# Directions for this task
Copy the lines exactly. Begin at the first line of the data and stop after the line with "2023 weird news, lady".

Stored dataset items
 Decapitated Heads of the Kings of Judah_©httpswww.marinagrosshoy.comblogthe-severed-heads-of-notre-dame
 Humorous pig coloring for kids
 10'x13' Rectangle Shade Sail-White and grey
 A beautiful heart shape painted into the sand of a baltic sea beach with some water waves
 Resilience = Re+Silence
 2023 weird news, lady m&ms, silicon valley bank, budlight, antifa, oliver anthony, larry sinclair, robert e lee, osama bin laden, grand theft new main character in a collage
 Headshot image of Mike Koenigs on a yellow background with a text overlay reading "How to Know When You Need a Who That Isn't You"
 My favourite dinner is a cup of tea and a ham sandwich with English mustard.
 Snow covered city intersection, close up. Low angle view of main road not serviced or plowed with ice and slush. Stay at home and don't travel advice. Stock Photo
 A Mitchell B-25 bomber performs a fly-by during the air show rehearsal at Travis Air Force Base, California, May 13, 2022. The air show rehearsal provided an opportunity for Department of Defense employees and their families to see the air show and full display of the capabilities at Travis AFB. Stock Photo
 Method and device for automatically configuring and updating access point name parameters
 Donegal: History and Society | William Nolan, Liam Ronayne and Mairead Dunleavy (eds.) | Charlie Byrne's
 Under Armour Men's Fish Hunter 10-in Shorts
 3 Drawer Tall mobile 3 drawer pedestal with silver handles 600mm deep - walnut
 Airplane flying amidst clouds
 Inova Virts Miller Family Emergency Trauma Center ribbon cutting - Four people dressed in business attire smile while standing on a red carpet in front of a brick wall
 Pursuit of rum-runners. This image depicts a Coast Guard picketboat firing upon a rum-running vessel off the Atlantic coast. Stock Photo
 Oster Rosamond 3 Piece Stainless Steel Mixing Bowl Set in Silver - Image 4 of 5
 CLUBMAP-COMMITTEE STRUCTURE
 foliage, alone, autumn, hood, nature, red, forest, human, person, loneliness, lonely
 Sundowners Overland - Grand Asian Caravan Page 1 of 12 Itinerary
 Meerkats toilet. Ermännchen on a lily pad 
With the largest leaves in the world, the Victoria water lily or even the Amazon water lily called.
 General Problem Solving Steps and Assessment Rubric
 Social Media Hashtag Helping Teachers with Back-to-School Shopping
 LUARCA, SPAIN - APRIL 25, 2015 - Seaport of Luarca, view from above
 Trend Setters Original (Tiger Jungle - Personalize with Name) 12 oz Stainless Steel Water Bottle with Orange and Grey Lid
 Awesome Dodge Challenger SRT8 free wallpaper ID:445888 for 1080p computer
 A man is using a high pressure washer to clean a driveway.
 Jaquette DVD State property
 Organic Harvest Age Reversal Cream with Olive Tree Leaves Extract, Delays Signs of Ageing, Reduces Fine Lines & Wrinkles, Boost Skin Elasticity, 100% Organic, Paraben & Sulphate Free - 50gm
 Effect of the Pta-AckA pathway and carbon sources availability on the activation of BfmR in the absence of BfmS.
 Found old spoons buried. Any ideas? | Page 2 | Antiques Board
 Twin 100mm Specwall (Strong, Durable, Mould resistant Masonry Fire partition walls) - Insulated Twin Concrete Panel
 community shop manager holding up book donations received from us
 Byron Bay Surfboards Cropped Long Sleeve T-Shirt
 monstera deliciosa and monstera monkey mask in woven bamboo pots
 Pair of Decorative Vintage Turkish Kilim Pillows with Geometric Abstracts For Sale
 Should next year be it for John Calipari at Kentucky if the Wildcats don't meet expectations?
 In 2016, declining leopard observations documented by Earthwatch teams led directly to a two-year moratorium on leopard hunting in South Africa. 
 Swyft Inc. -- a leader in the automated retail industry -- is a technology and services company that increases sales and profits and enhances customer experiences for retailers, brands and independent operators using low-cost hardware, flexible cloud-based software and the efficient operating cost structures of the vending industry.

# Response box
 Decapitated Heads of the Kings of Judah_©httpswww.marinagrosshoy.comblogthe-severed-heads-of-notre-dame
 Humorous pig coloring for kids
 10'x13' Rectangle Shade Sail-White and grey
 A beautiful heart shape painted into the sand of a baltic sea beach with some water waves
 Resilience = Re+Silence
 2023 weird news, lady m&ms, silicon valley bank, budlight, antifa, oliver anthony, larry sinclair, robert e lee, osama bin laden, grand theft new main character in a collage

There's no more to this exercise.